Urinalysis findings:
effects observed, treatment-related
Description (incidence and severity):
There was a dose-related reduction in urinary pH in both sexes, which was probably attributable to the presence of acidic taurine in the urine.
Organ weight findings including organ / body weight ratios:
effects observed, treatment-related
Description (incidence and severity):
Small but significant reductions in absolute and relative thyroid/parathyroid gland weights in males at 1000 mg/kg and in females at 300, 600 and 1000 mg/kg were attributable to control values that were relatively high compared with laboratory historical controls and concurrent controls.
Because of the differences in thyroid weights at necropsy, serum TSH and T4 were measured. The only finding was a significant reduction in TSH levels in 600 mg/kg males at 4 weeks.
Histopathological findings: non-neoplastic:
effects observed, non-treatment-related
Description (incidence and severity):
There were no treatment-related gross or microscopic findings in any organs or tissues, including the thyroid.

Effect levels

open allclose all
Key result
Dose descriptor:
LOAEL
Effect level:
300 mg/kg bw/day (actual dose received)
Based on:
test mat.
Sex:
male/female
Basis for effect level:
behaviour (functional findings)
clinical signs
Key result
Dose descriptor:
other: Observed Safe Level
Effect level:
100 mg/kg bw/day (actual dose received)
Based on:
test mat.
Sex:
male/female
Remarks on result:
not measured/tested
Remarks:
From FEEDAP Panel estimated Observed Safe Limit (OSL) in humans to be 6 g/person per day (corresponding to 100 mg/kg bw per day).

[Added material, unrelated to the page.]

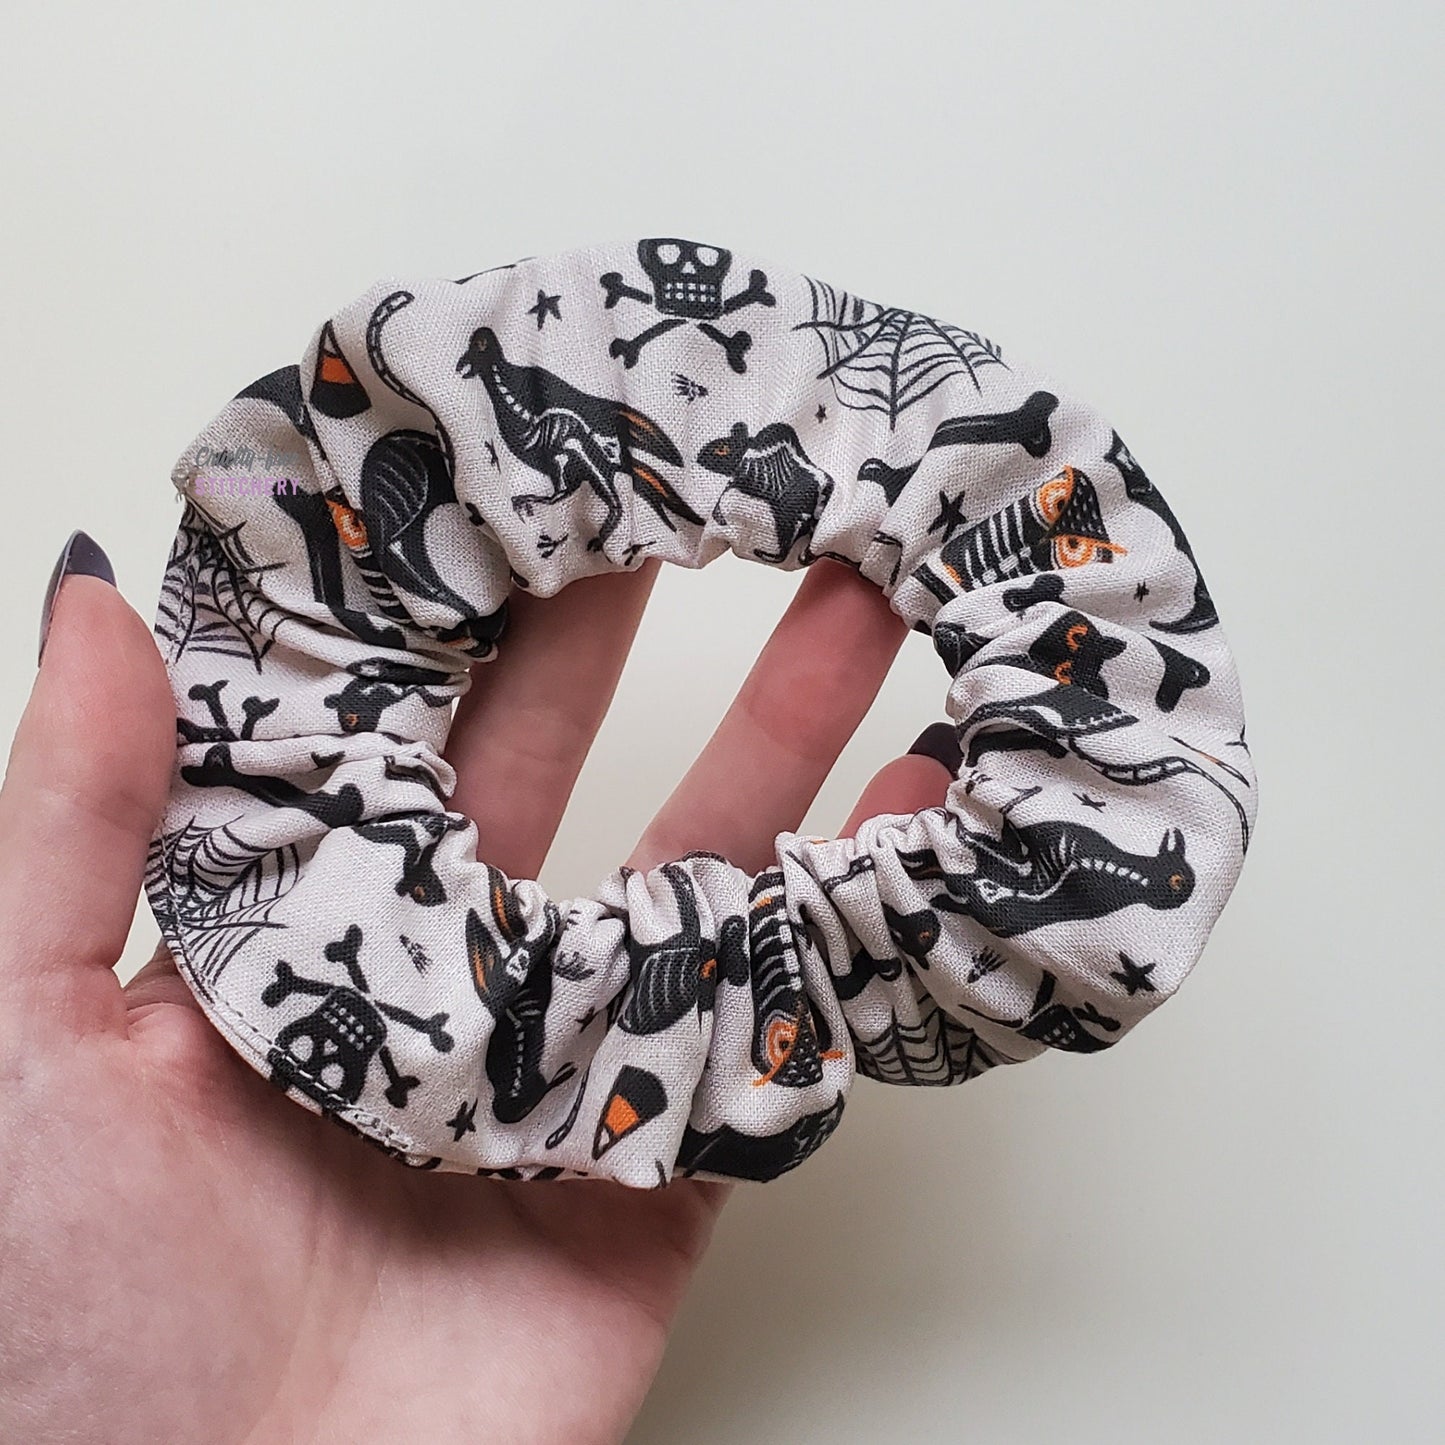 Halloween x-ray scrunchie in my hand for size reference. It covers my fingers and half of my palm.

Target system / organ toxicity

Key result
Critical effects observed:
no
Lowest effective dose / conc.:
300 mg/kg bw/day (actual dose received)
System:
nervous system

Any other information on results incl. tables

Males                                     Females

Dose (mg/kg bw/day)              0          300      600      1000    0          300       600     1000

Number of animals                  20        20        20        20        20        20         20       20

Observations

Increased activity                   1/1       5/4       4/4       11/8     3/2       36/10   29/10   62/16  

Chewing of forelimb(s)          0/0      0/0       2/2       3/3      0/0      3/2       3/3       11/7

Chewing of hindlimb(s)         0/0      0/0       0/0       1/1      0/0       1/1       2/2       2/2

Chewing of cage                    0/0      0/0       0/0       1/1      0/0       0/0       1/1       2/2

Hyper-reactive to touch          0/0     0/0     0/0       1/1     0/0       0/0       0/0    0/0

Applicant's summary and conclusion

Conclusions:
The results of this sub-chronic study show that 1000 mg/kg bw/day is a clear effect level for behavioural changes while the lower doses of 300 and 600 mg/kg bw/day are marginal effect levels in males but clear effect levels in females. Thus, a NOAEL for behavioural effects in rats has not been established.
Therefore, a GLP-and OECD-compliant neurotoxicity study was conducted (please see chapter 7.9.1). Based on these results no compound-related effects were reported at any dose with respect to locomotor activity testing or FOB parameters (including home cage, handling, open field, sensory, neuromuscular, or physiological observations). EFSA (2009) concluded that the results of this study are sufficient to address the behavioral concerns previously raised, and provide evidence for a NOAEL of 1,000 mg/kg body weight/day in the original toxicity study (i.e., WIL, 2001 ). A NOAEL of 1 ,656 mg/kg body weight was determined based on a lack of adverse physiological or behavioral effects following this 13 week exposure via drinking water in the follow-up neurological study.